To keep one pygmy beardie, no smaller than a 900 long enclosure, and if its the only reptile you have, no you don't need a permit. Only if you were to sell or give it away later.


----------



## Hypo_04 (Jan 28, 2014)

Thank you pinefamily
i might need to get a licence then if I'm gonna get some pygmies, I currently have thicktails.


----------



## dragonlover1 (Jan 28, 2014)

gidday Hypo,I keep pygmies too.I have 4 in individual 60x60x60cm enclosures( they are actually 120 long with dividers so I can remove them for mating season).I have heard they are more friendly/communal than centrals but do not want to have any confrontation so keep them separate,The first pair lived together for about a year till I saw the first signs of aggression and then separated them.Good luck with your new dragons


----------



## pinefamily (Jan 29, 2014)

Hypo_04 said:


> Thank you pinefamily
> i might need to get a licence then if I'm gonna get some pygmies, I currently have thicktails.


As far as I understand it, you will still be ok if you only get one Pygmy.

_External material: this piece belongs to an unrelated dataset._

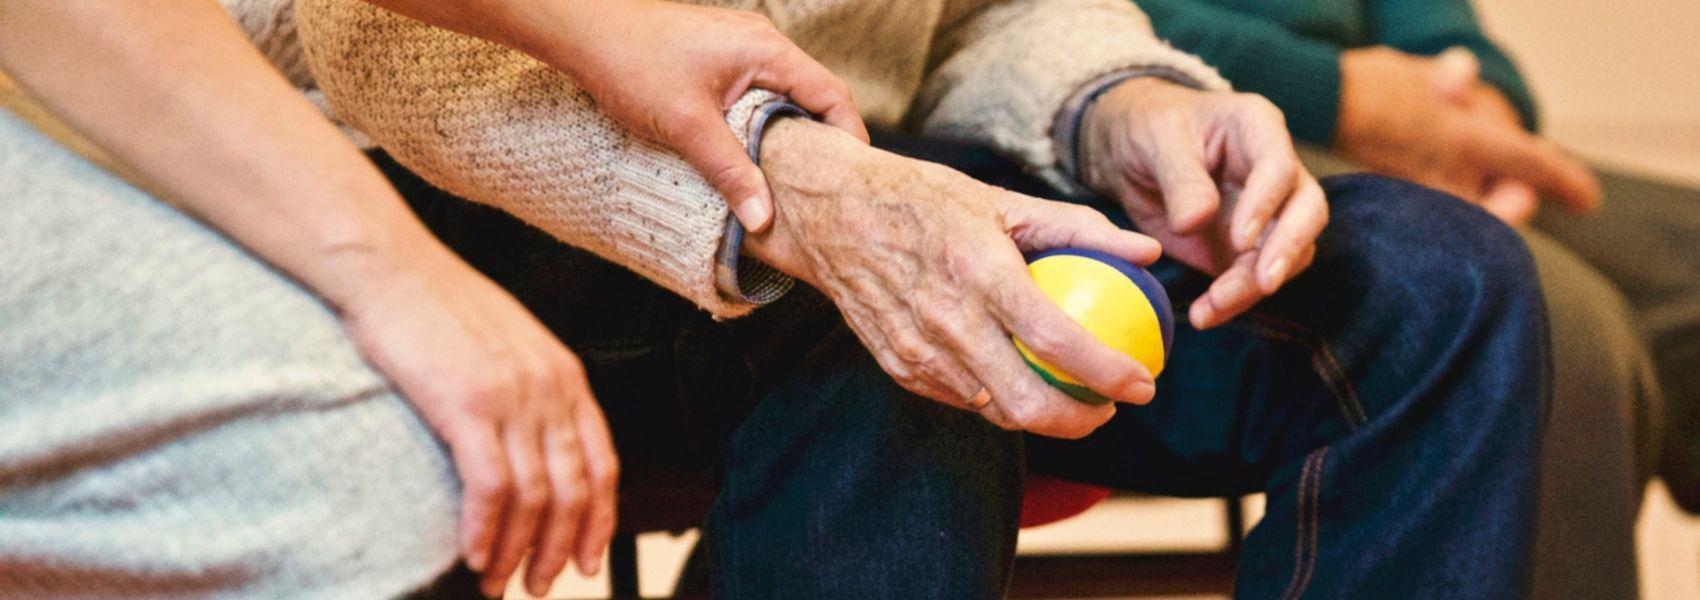 risco de saúde para cuidadores

Thicktails are exempt, meaning you don't need a permit in SA to keep them.


----------



## Crazycow232 (Jan 29, 2014)

keep pygmys the same as centrals, but they can be kept in a smaller enclosure, mine has heaps of room in his 80 by 50. Google bearded dragon care sheet or something like that you should get heaps of info, or invest in a book. Probably your best bet for information


----------



## Hypo_04 (Jan 29, 2014)

Thanks crazycow
i have got keeping books on Aussie reptiles and have done a little bit research online, just thought it couldn't hurt to come to you guys. Thanks everyone who has replied, much appreciated.


----------